Drop the images. Copy every line below character for character.

The data >>

*****

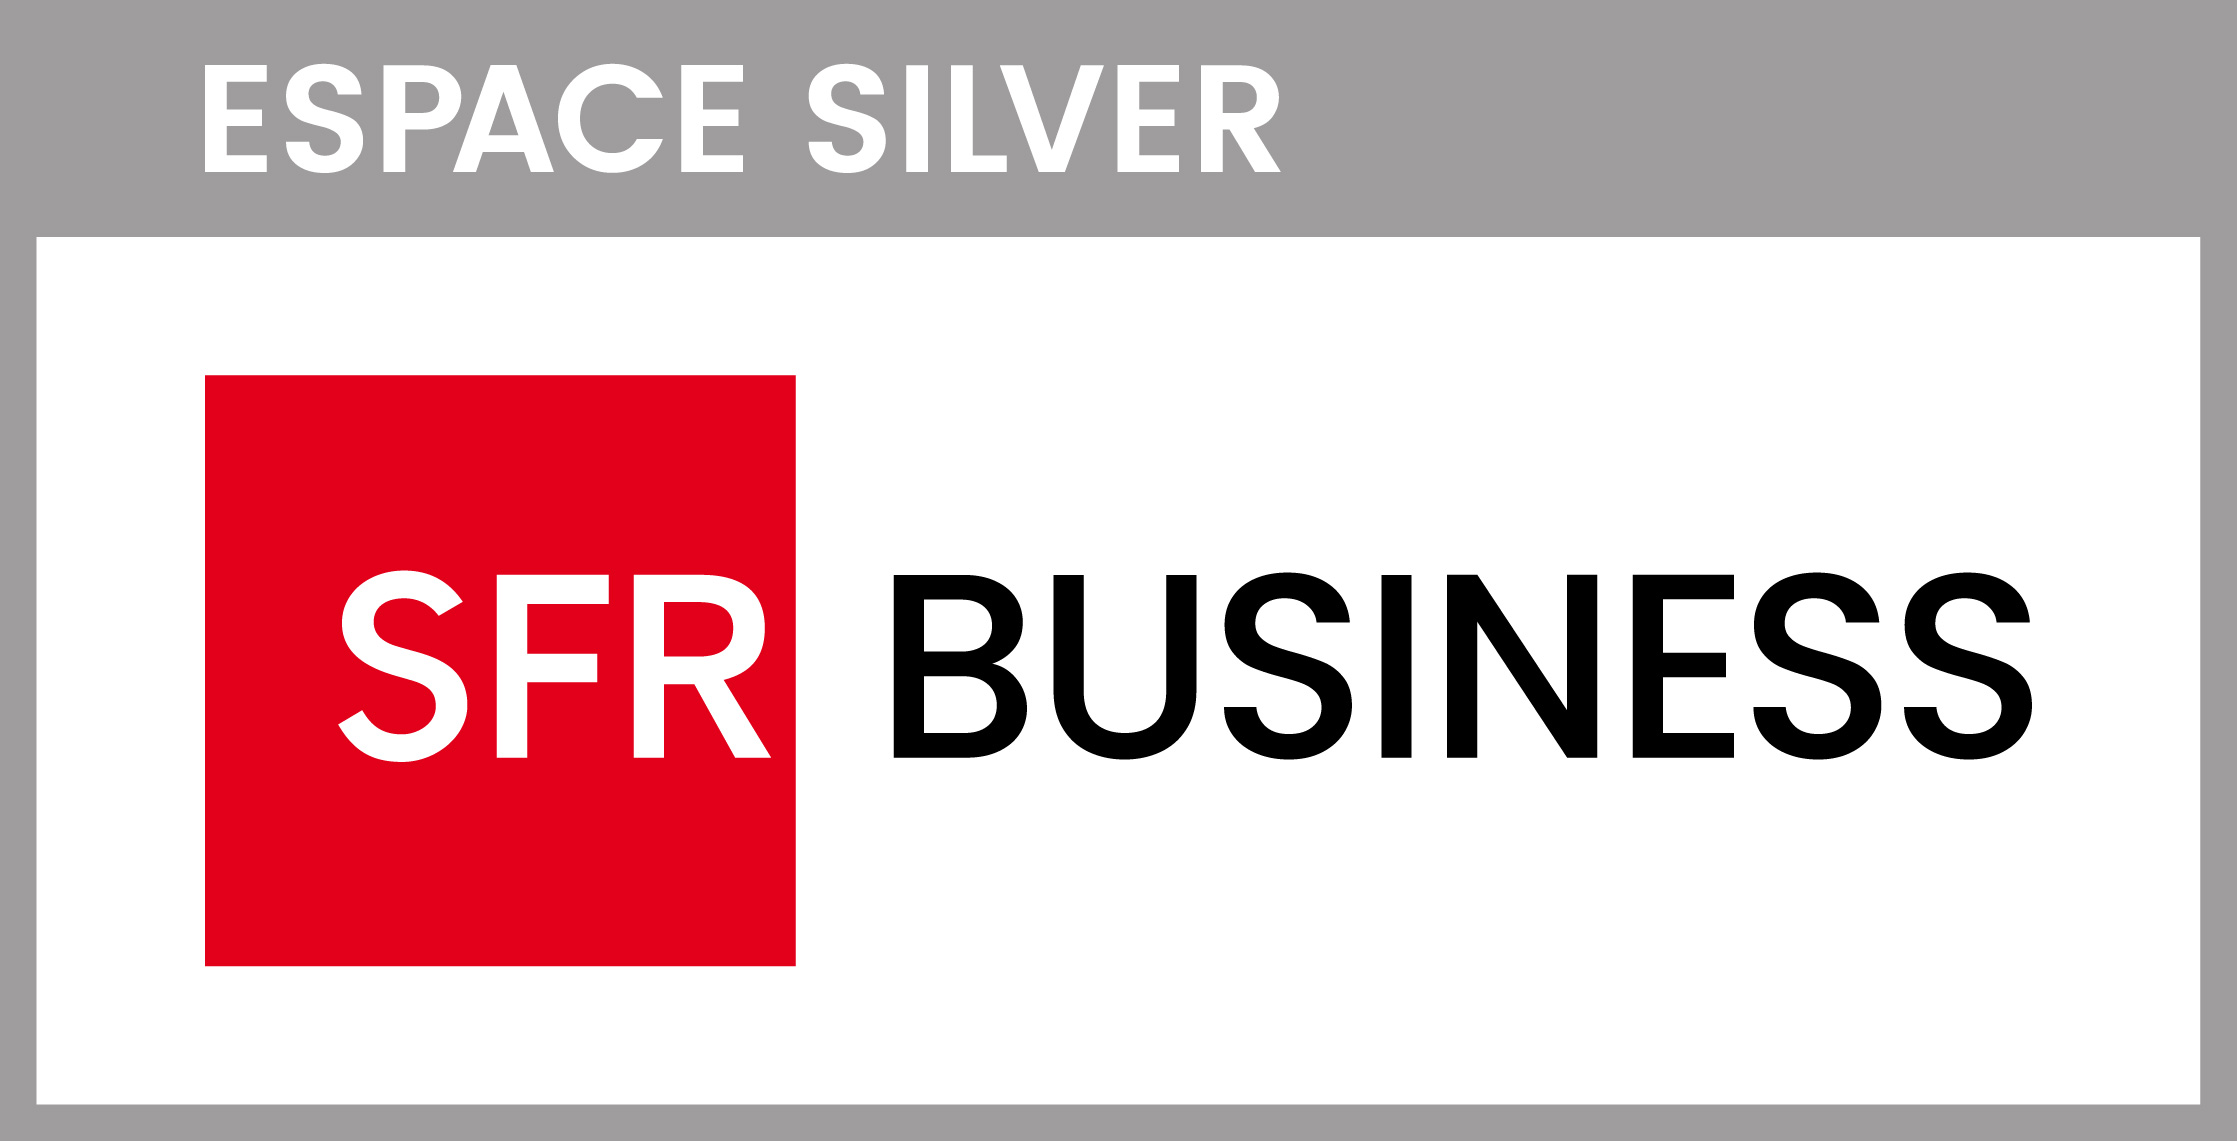 ESPACE_SILVER_SFR_BUSINESS_Logo_RVB
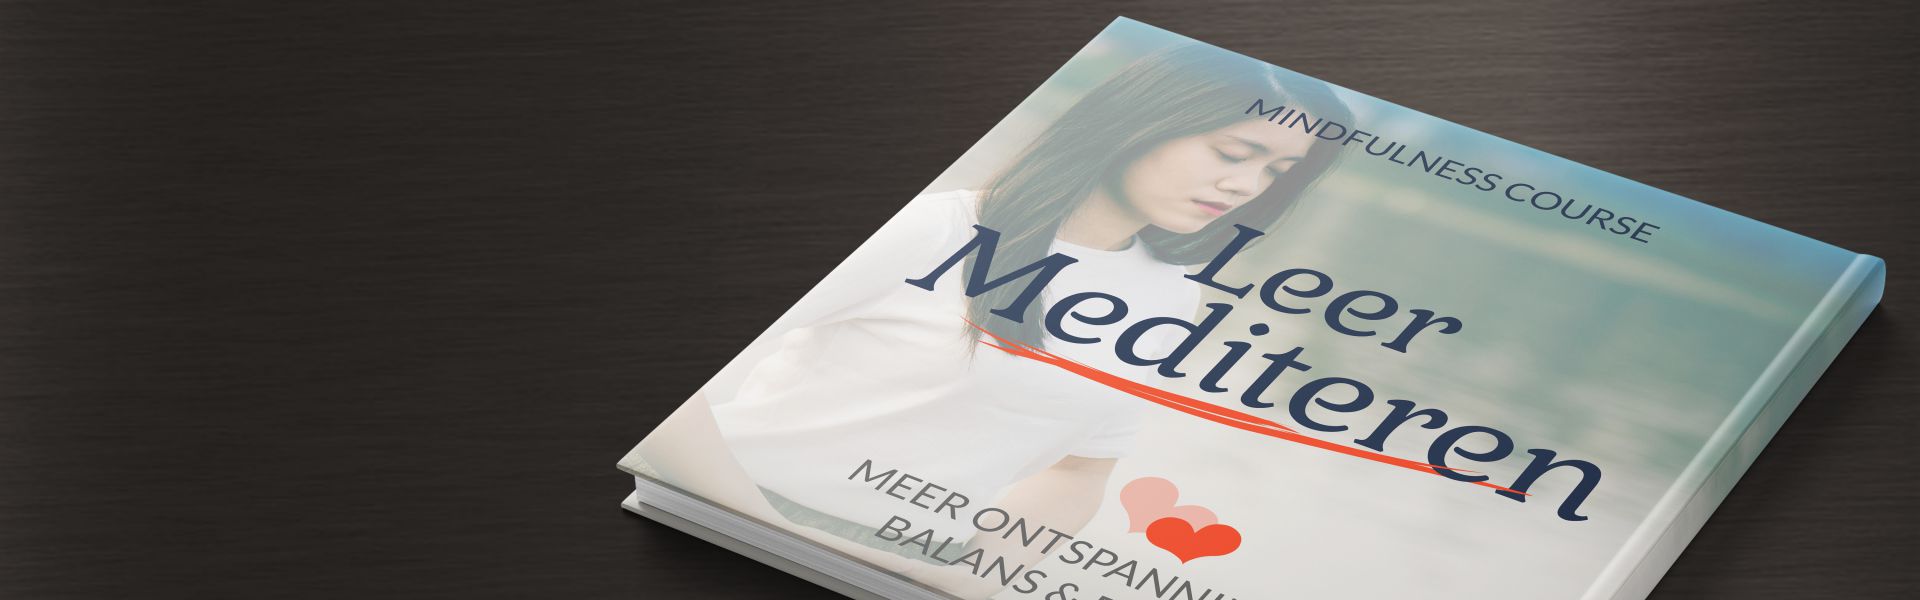 Leer Mediteren: Mindfulness Course
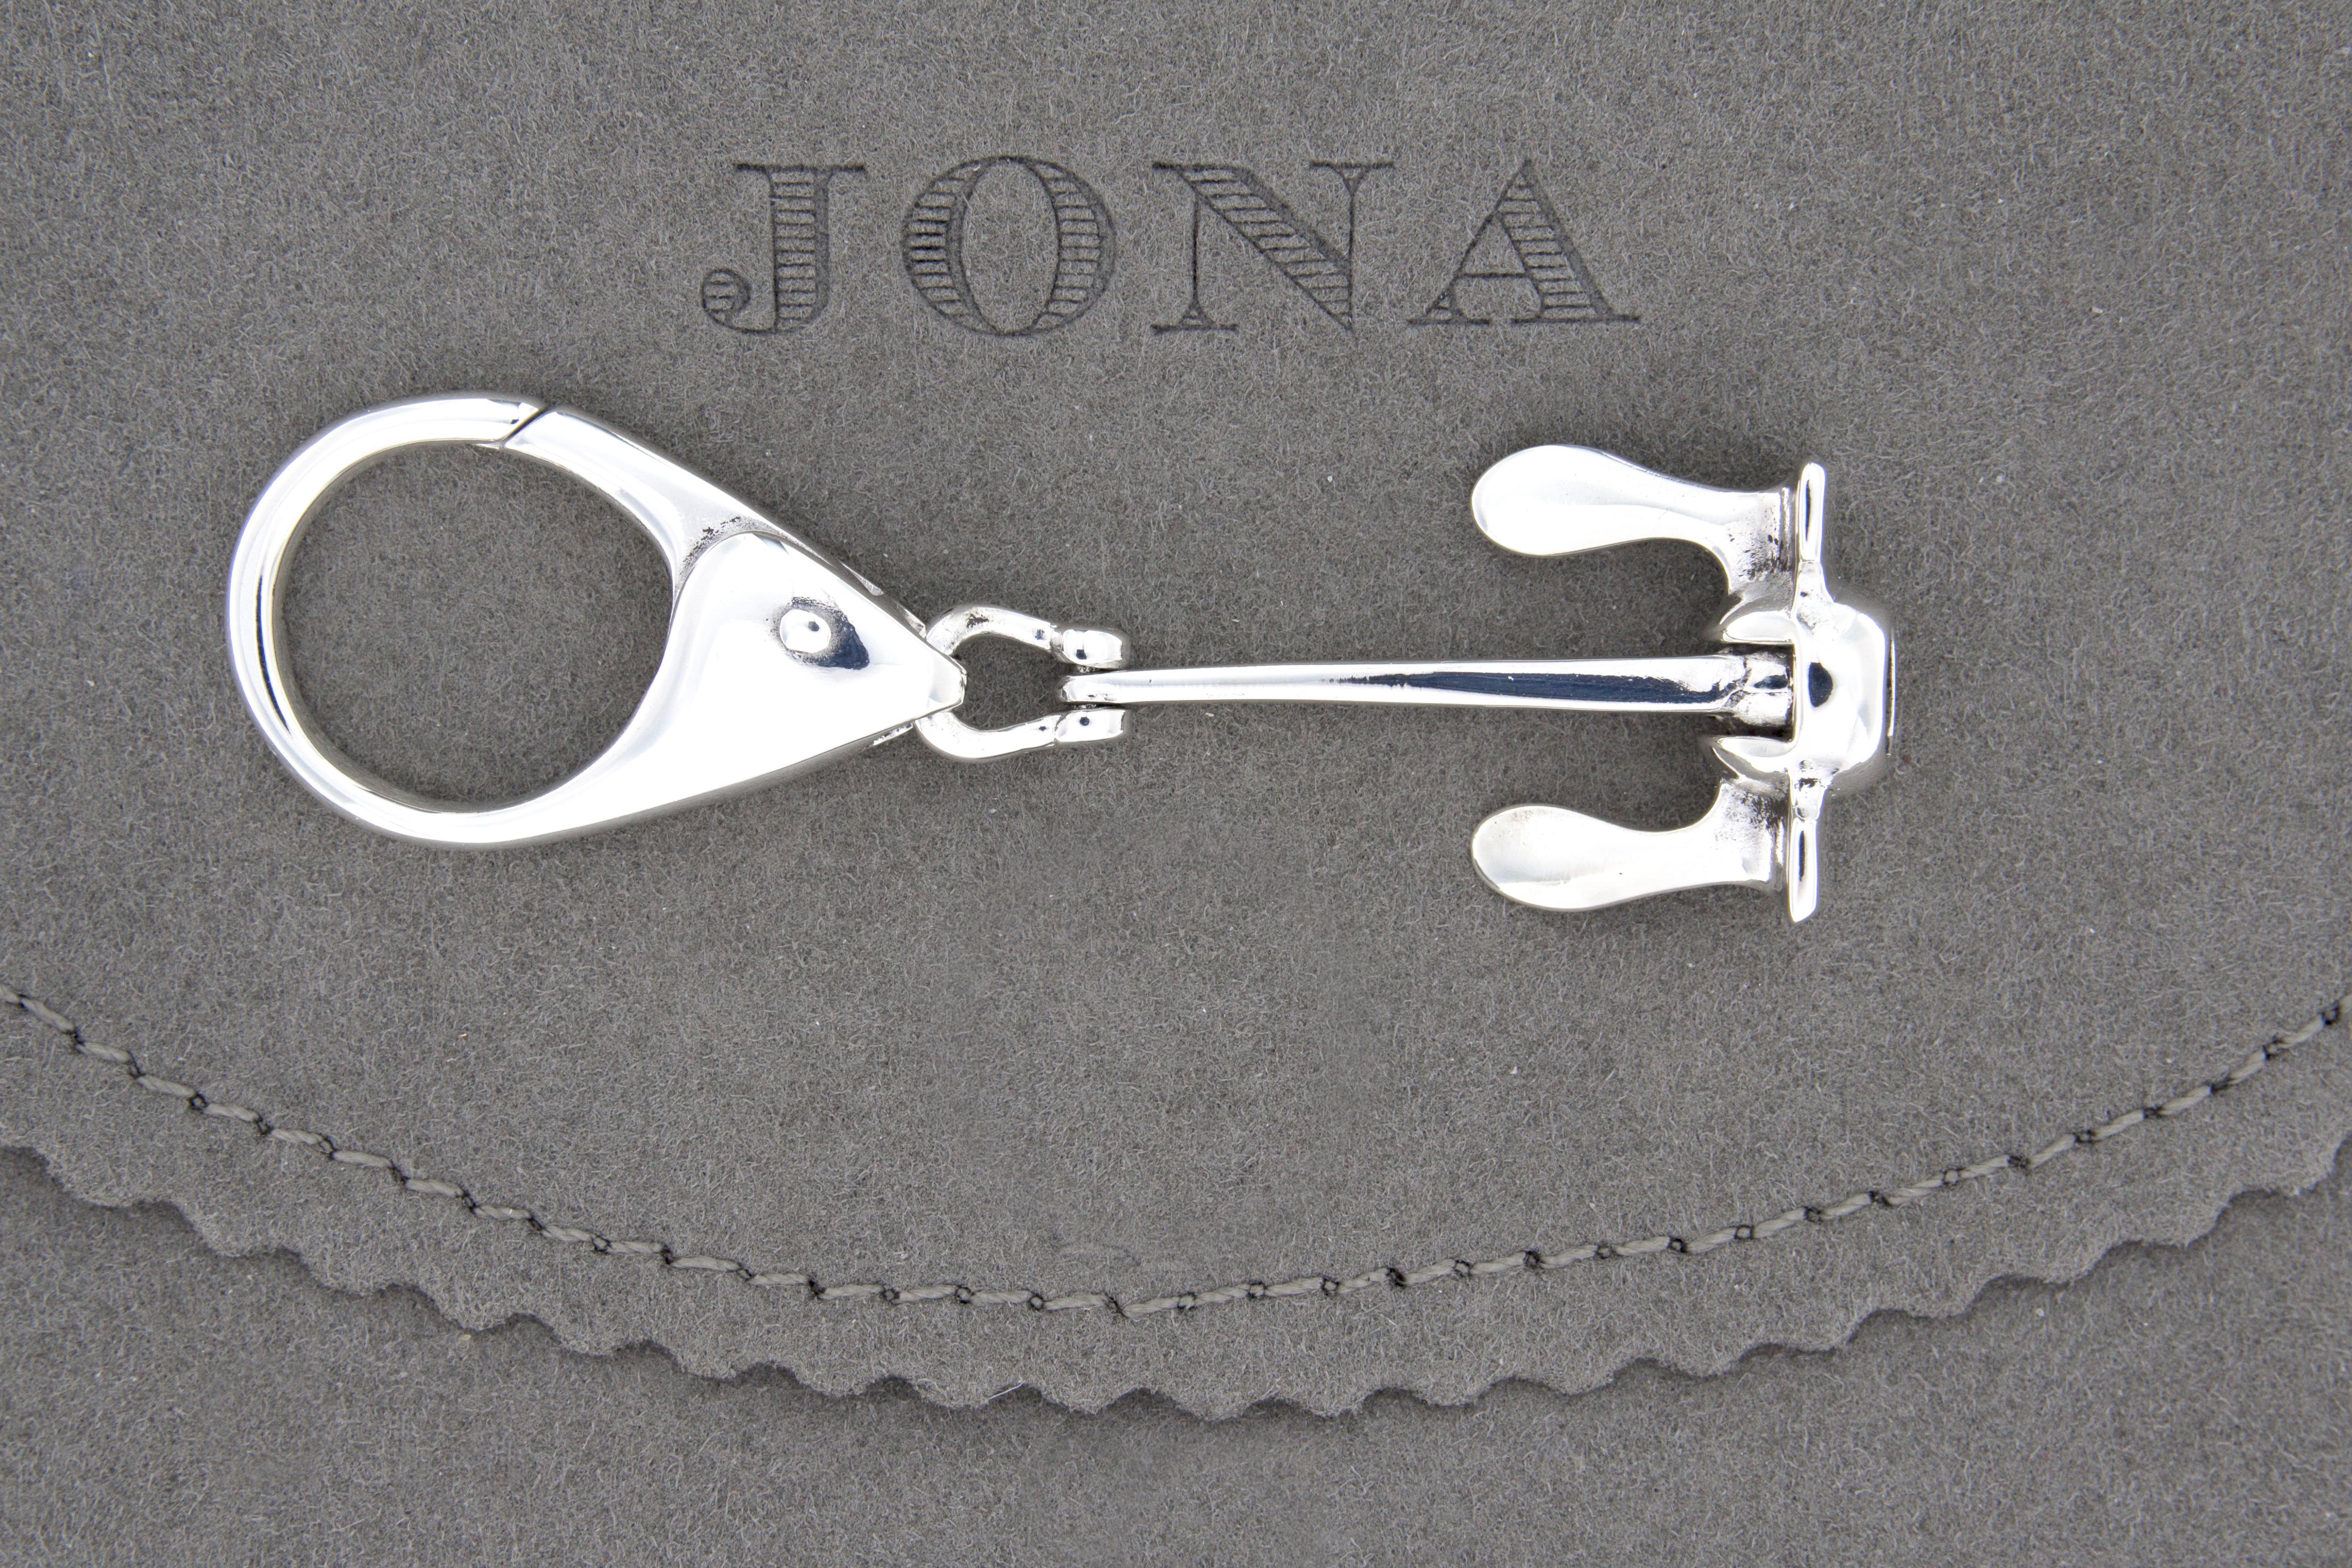 Collection design Alex Jona, fabriqué à la main en Italie, porte-clés ancre de hall en argent sterling rhodié. L'ancre se déplace de haut en bas comme une véritable ancre Danforth.
Dimensions de l'ancre : L 1.82 in/ 46.37 mm x L 0.87 in/ 22.34 mm x

*****

Your solution >>
 ESPACE_SILVER_SFR_BUSINESS_Logo_RVB
 Leer Mediteren: Mindfulness Course
 Collection design Alex Jona, fabriqué à la main en Italie, porte-clés ancre de hall en argent sterling rhodié. L'ancre se déplace de haut en bas comme une véritable ancre Danforth.
Dimensions de l'ancre : L 1.82 in/ 46.37 mm x L 0.87 in/ 22.34 mm x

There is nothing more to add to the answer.